Предполагалось, что мисс Дрисколл как вольнослушательница сделает свой доклад после всех полноправных учащихся; но в последний момент, за две недели до конца семестра, Уокер снова стал просить дать ему недельную отсрочку: мол, он был нездоров, болели глаза и по межбиблиотечному абонементу еще не пришла очень важная книга. Из-за отказа Уокера мисс Дрисколл выступила на неделю раньше.

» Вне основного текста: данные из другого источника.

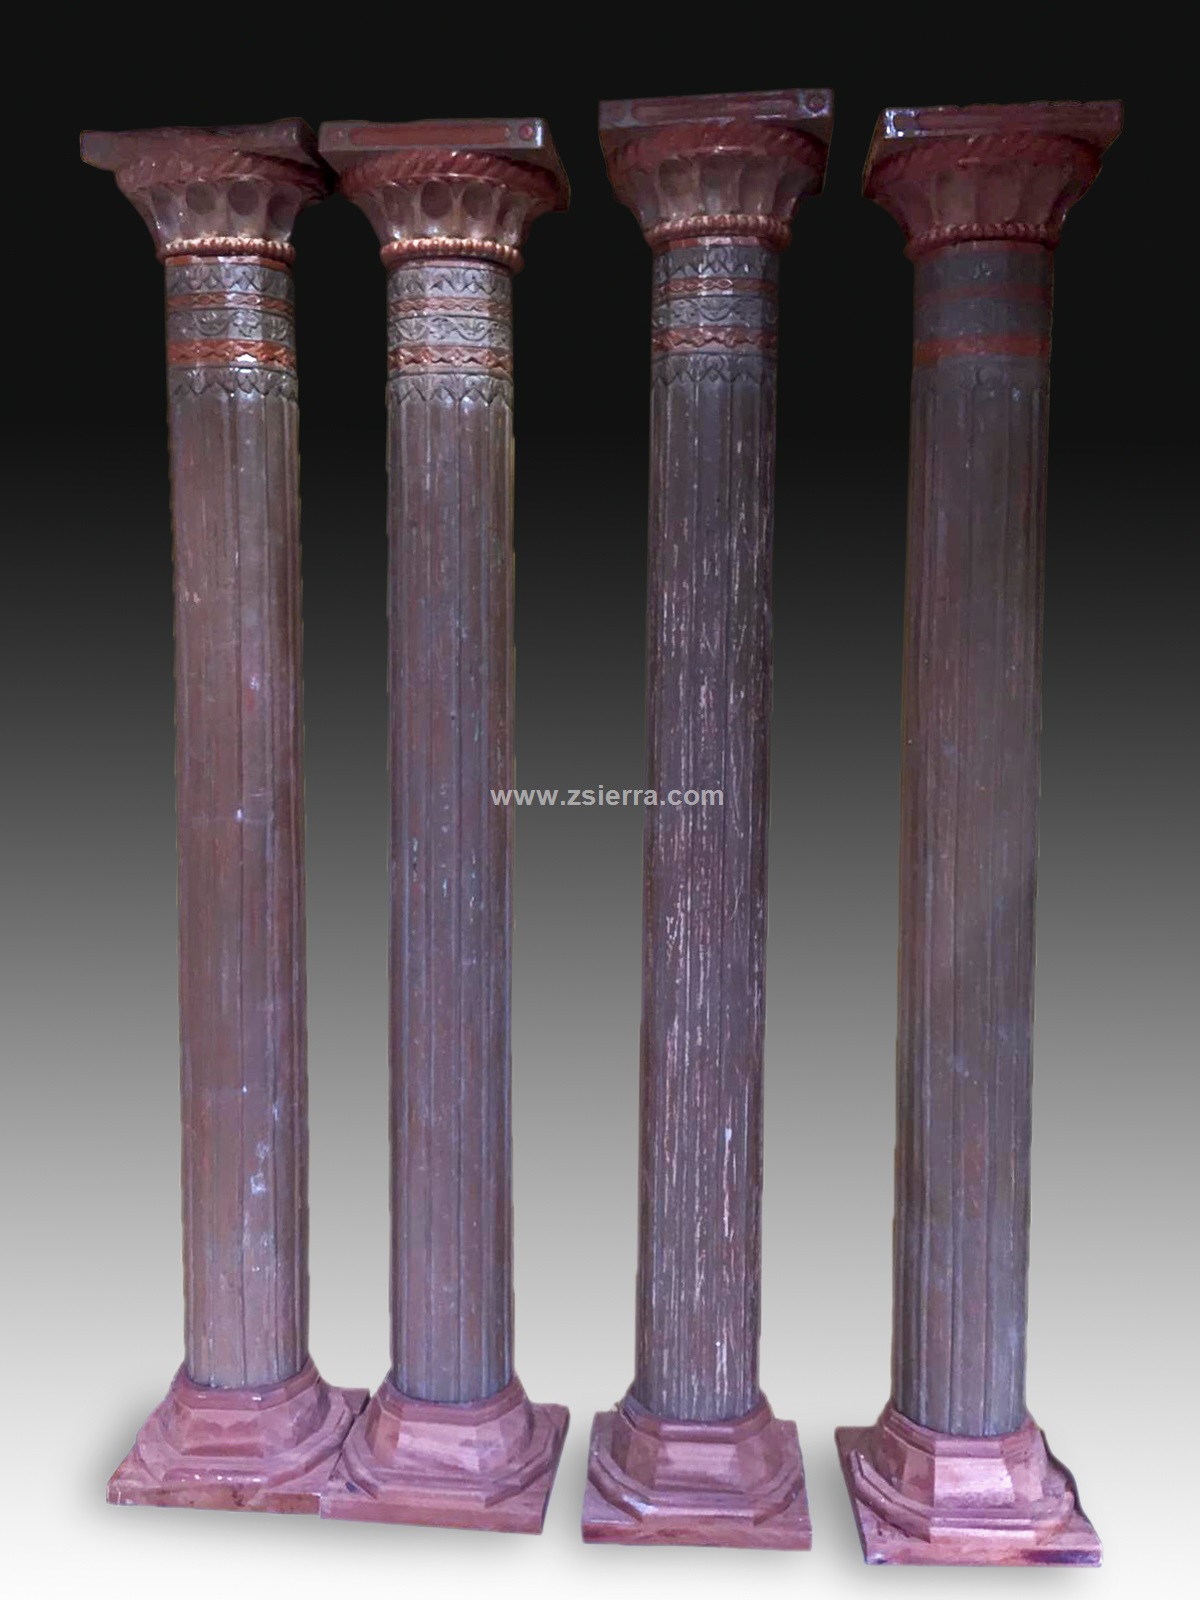 Columna de madera decorativa

Ее доклад назывался «Донат[3] и ренессансная трагедия». Она сосредоточилась на использовании Шекспиром донатовской традиции — традиции, которая жила в средневековых грамматиках и учебниках. С первых же минут выступления Стоунер понял, что она выполнила работу очень хорошо, и он слушал с волнением, какого давно не испытывал. Когда прошло обсуждение доклада и все стали выходить, он остановил ее на минутку.
— Мисс Дрисколл, я только хочу вам сказать… — Он умолк, и на мгновение его охватила застенчивость. Она вопросительно смотрела на него большими темными глазами; ее лицо в строгом обрамлении черных волос, туго стянутых сзади в небольшой пучок, было очень бледным. Он продолжил: — Я только хочу вам сказать, что ваша работа — лучшее, что я видел и слышал на эту тему, и я вам очень благодарен, что ознакомили нас с ней.
Она не ответила. Выражение ее лица не изменилось, но Стоунеру вдруг показалось, что она сердится; что-то яростное блеснуло в глазах. Потом она густо покраснела, наклонила голову — сердито или благодарно, Стоунер не мог понять — и торопливо ушла. Стоунер медленно покинул аудиторию, обеспокоенный и озадаченный, опасаясь, что из-за своей неуклюжести каким-то образом обидел ее.
Еще до этого он насколько мог мягко предупредил Уокера, что если он не сделает свой доклад в следующую среду, семинар не будет ему зачтен; как он и ожидал, Уокер в ответ преисполнился почтительно-холодной злости, повторил весь перечень причин и трудностей, вызвавших задержки, и заверил Стоунера, что ему не о чем беспокоиться, что работа почти готова.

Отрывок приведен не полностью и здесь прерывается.